Washington’s Noncompete Law Is Changing Again: What Employers Need to Know
Washington’s legal landscape for noncompetition agreements is changing again. Beginning June 30, 2027, nearly all noncompetition covenants will be void and unenforceable in the state. Washington will join at least four other states in near-total bans of such agreements.
On March 23, 2026, the governor signed Engrossed Substitute House Bill 1155, which became Chapter 149, 2026 Laws. The act amends sections of RCW Chapter 49.62, Washington’s noncompetition covenants law, which was enacted in 2019 and took effect on January 1, 2020.
Under the law that took effect in 2020, as previously amended, noncompetition covenants are banned for workers earning below certain annually adjusted thresholds, and the term of any such permissible agreement is presumptively limited to 18 months. The law broadly applies to all noncompete agreements between an employer and its Washington employees and independent contractors.
The most significant change wrought by HB 1155 is its dictate that beginning on the act’s effective date, June 30, 2027, “all noncompetition covenants are void and unenforceable regardless of when the parties entered into the noncompetition covenant.”
That bears repeating: as of June 30, 2027, all new noncompetition agreements will be banned, and all noncompetition agreements entered before that date will no longer be enforceable from that date forward.
The act also extends its application to retention bonuses or “stay or pay” agreements: it applies to any provision requiring “that an individual return, repay, or forfeit any right, benefit, or compensation, as a consequence of the individual engaging in a lawful profession, trade, or business of any kind.”
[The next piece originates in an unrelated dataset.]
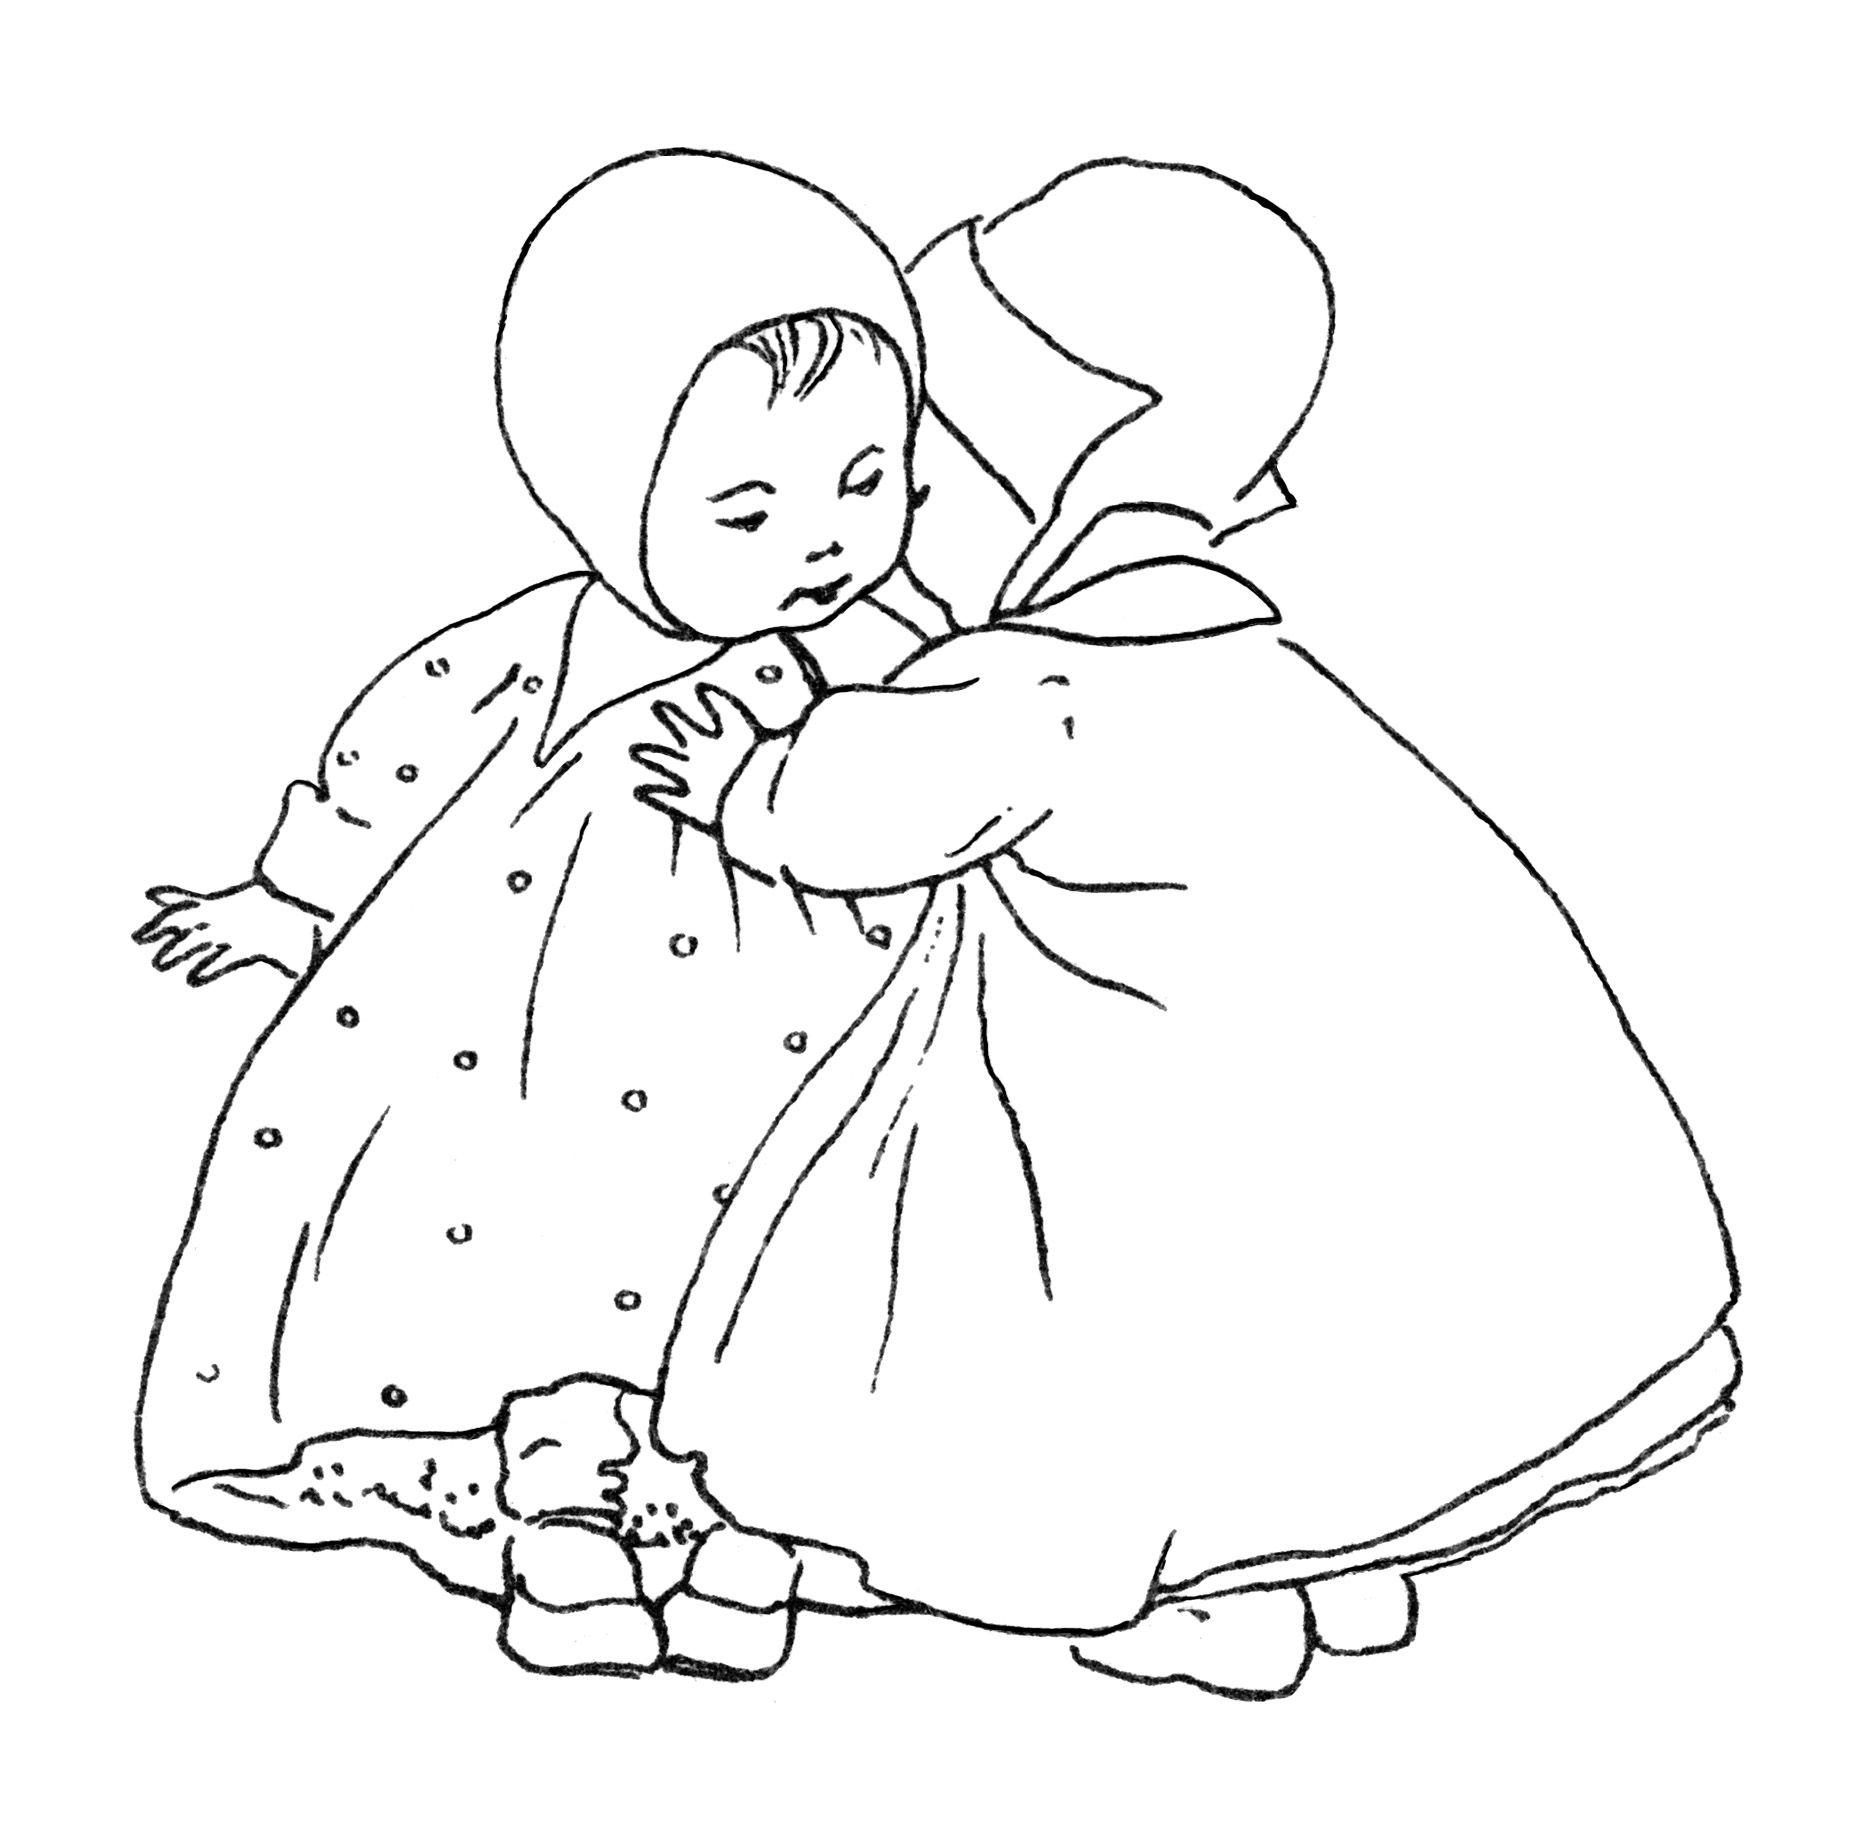 Baby Clip Art Black And White Clipart Vintage Children Image Baby Girl Illustration Little G Baby Clip Art Embroidery Designs Baby Embroidery And Stitching

A noncompete agreement will be enforceable only if: it’s part of a business sale, and the person signing buys, sells, acquires, or disposes of an ownership interest representing 1% or more of the business; or it’s part of an agreement for out-of-pocket educational expense repayment (a training repayment agreement provision, or “TRAP”) that meets certain criteria.
Furthermore, the act requires that employers, by October 1, 2027, “make reasonable efforts to provide written notice to all current and former employees and independent contractors whose noncompetition covenant is still within its effective time period, that their noncompetition covenant is void and unenforceable.” As under the previous law, a person aggrieved by violation of the law is entitled to bring an action and recover the greater of their actual damages or $5,000, plus their attorneys’ fees and costs.
As amended by HB 1155, the noncompetition covenant law continues to exclude nonsolicitation agreements from the statutory ban but narrows the carveout. To qualify, the restriction must concern a situation where “the employee established or substantially developed a direct relationship with the customer, patient, client, or prospect through the employee’s work for the employer.”
The law also limits nonsolicitation agreements to 18 months after termination of employment. Additionally, the act states that an agreement prohibiting “the acceptance or transaction of business with a customer, patient, or client is not a ‘nonsolicitation agreement’”—clarifying that the act exempts true nonsolicitation agreements only, and not ‘no handling’ agreements.
Employers should begin reviewing employment, independent contractor, and related form agreements that contain noncompetition or nonsolicitation clauses now to determine whether revisions are needed before the June 30, 2027 effective date. Employers should also begin identifying current and former workers who may need notice by October 1, 2027, that their noncompetition covenants are void and unenforceable.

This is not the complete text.